Le choix d’un type de chiens français est peut-être l’élément qui différencie le plus le rallye Loue-Lison dans un contexte où la plupart des meutes utilisées en vénerie du lièvre sont composées de petits anglo-français. Nos territoires, généralement escarpés, ainsi que notre goût prononcé pour le travail autonome de la meute expliquent cette orientation.

En effet, les milieux dans lesquels nous découplons ordinairement sont souvent boisés, assez fermés et vallonnés. Dans ce contexte nous ne pouvons qu’accompagner de loin la meute et avons rarement la possibilité d’être rapidement présents aux défauts. Ces biotopes nécessitent donc de disposer de chiens créancés, gorgés et requérants car devant être capables de travailler une difficulté sans l’aide de l’homme. Par nécessité mais aussi par goût, nous attendons de nos chiens qu’ils rapprochent, lancent, mènent et relèvent seuls les facéties du lièvre de chasse. Ainsi, nous laissons les chiens rapprocher plutôt que de fouler le terrain pour faire partir un lièvre. Les assez faibles densités d’animaux nous imposent, d’ailleurs, de devoir trouver le capucin par la voie ; toute autre méthode étant vouée à l’échec. Lors de la menée nous nous contentons d’encadrer la meute en intervenant le moins possible et sans tirer les chiens aux vues, bien que ces dernières soient systématiquement sonnées. Nous attendons de nos chiens qu’ils travaillent seuls les défauts, le conducteur n’intervenant que très parcimonieusement et le moins fréquemment possible.
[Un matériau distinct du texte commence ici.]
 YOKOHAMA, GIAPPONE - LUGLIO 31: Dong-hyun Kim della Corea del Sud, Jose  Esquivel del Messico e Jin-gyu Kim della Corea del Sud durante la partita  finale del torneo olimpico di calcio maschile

Le rappel des chiens à la vue d’un lièvre ne se fait qu’en cas de grande difficulté, lorsque la meute est en échec et la chasse compromise.
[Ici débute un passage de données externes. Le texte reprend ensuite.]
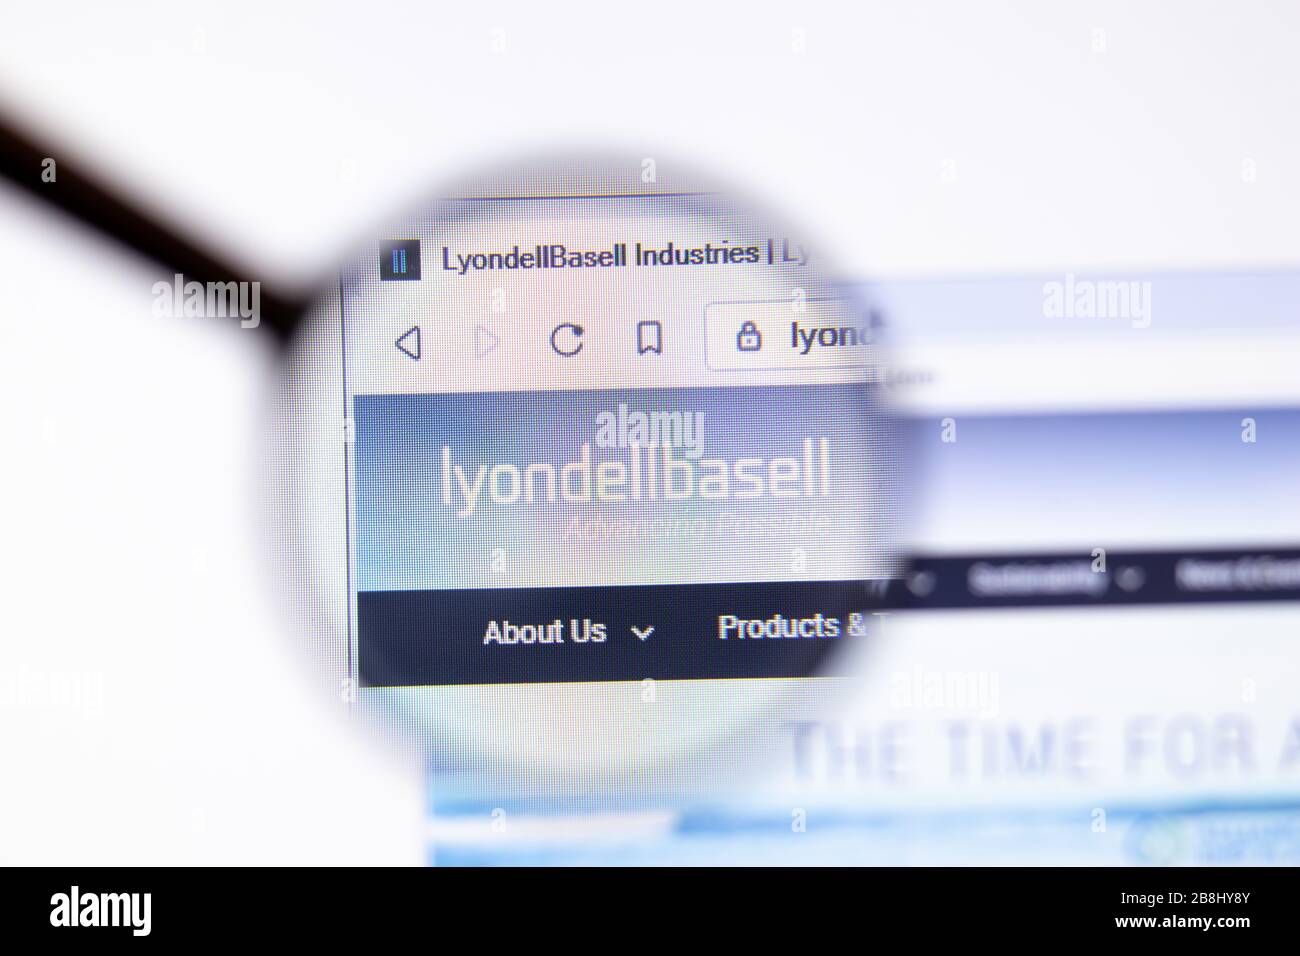 Los Angeles, Kalifornien, USA - 20. März 2020: Firmenlogo von LyondellBasell Industries auf der Webseite Close-up on Screen, Illustrative Editorial Stockfoto

Le choix de chiens français explique probablement le faible nombre de prises réalisées par notre équipage. En effet notre meute ne prend que quelques lièvres chaque année alors que nous effectuons plus de soixante découplés par saison. Pour autant il nous semble préférable de maintenir ce type de chassé, trouvant un réel plaisir au travail des chiens.

Sans être très vites nos chiens le sont assez pour prétendre forcer un lièvre de temps à autre. Lorsque cela se produit leur manque relatif de train est alors compensé par leur ténacité et leur capacité à maintenir leur animal suffisamment longtemps. Par bonne voie, leur vitesse permet à un homme en bonne condition physique de suivre en courant. Si le rythme de chasse devait progresser (ce qui ne correspond pas à notre objectif d’élevage) nous ne pourrions plus accompagner la meute à pied. Cela manquerait singulièrement d’attrait.